5. Significance and Implications

• Mechanistic Insight: The study defines PRC2 as a critical "guardrail" that prevents AT2 progenitors from drifting into pathological basal-like states during self-renewal. Without PRC2, the AT2 epigenetic state is unstable, leading to a default drift toward a basal identity.
• Disease Pathogenesis: The findings suggest that chronic lung diseases (like IPF and emphysema) may be driven by epigenetic stress that compromises PRC2 function, leading to the accumulation of aberrant intermediate cells (ABIs) that fail to regenerate functional alveoli.
• Therapeutic Potential:
  • PRC2 components (EZH2) represent potential therapeutic targets. Enhancing PRC2 activity could stabilize AT2 fate and prevent fibrotic remodeling.

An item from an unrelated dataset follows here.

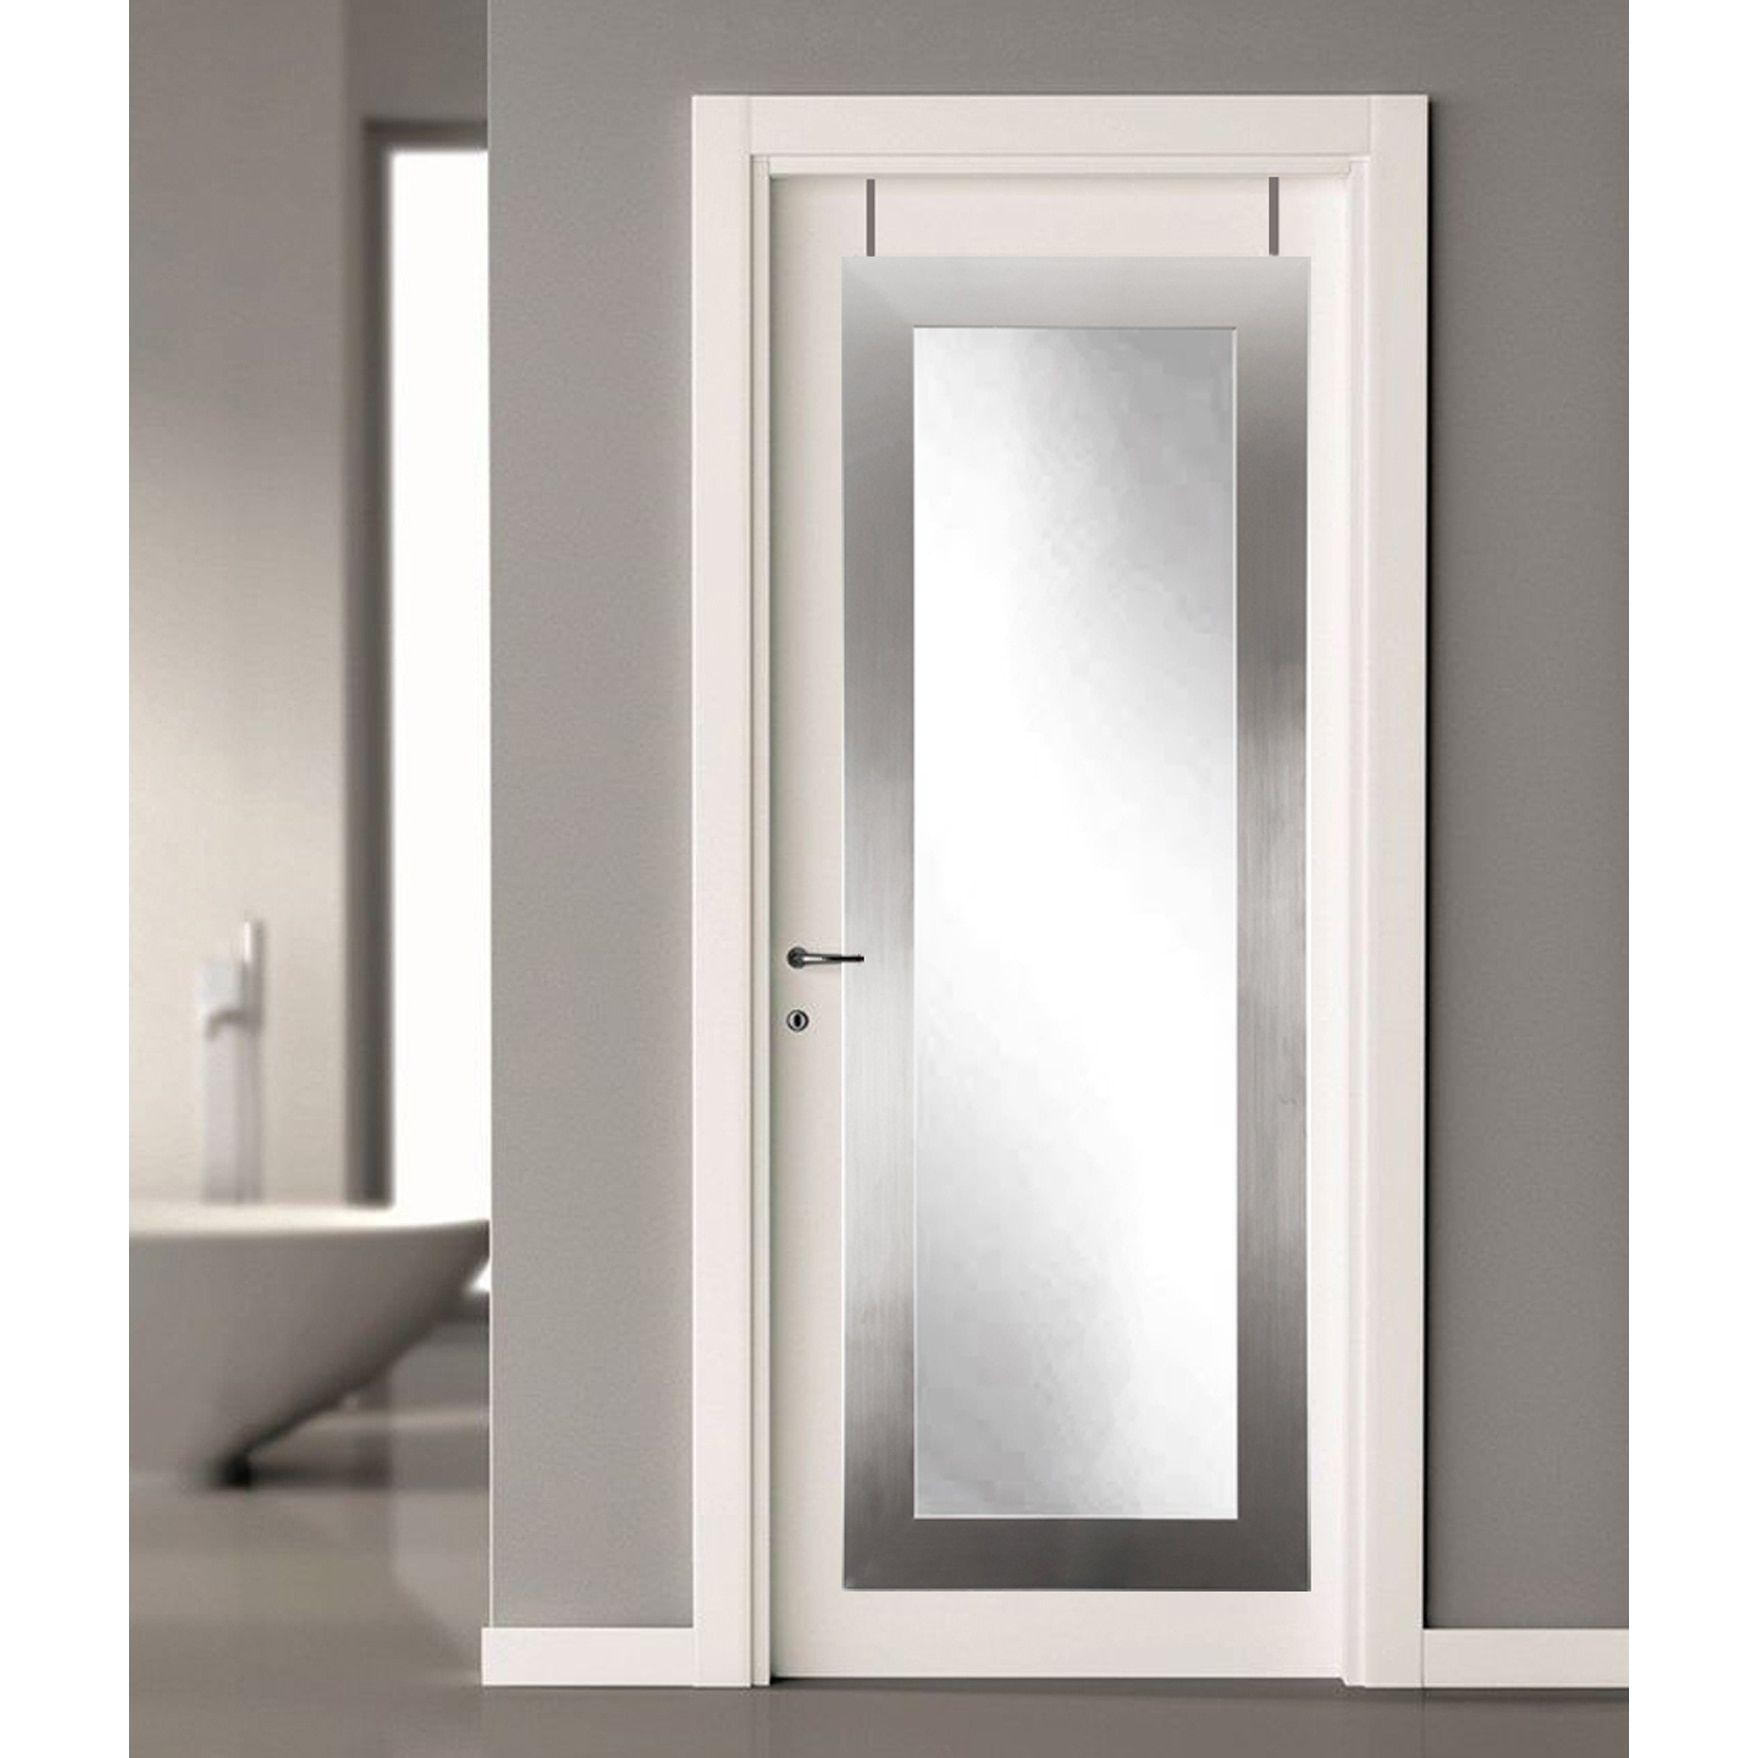 Overstock Com Online Shopping Bedding Furniture Electronics Jewelry Clothing More In 2020 Over The Door Mirror Mirror Door Dressing Mirror

  • Conversely, understanding the "ABI" state provides a new target for clearing pathological cells in fibrotic lungs.
• Paradigm Shift: Challenges the view that basal cells are only proximal airway cells; it suggests that under epigenetic stress, distal alveolar cells can transdifferentiate into basal-like cells, a process normally suppressed by PRC2.

In summary, this paper establishes that the PRC2 complex is essential for the epigenetic maintenance of AT2 cell fate, and its failure drives a conserved, time-dependent transition from alveolar to basal-like states, contributing to the pathogenesis of chronic lung remodeling.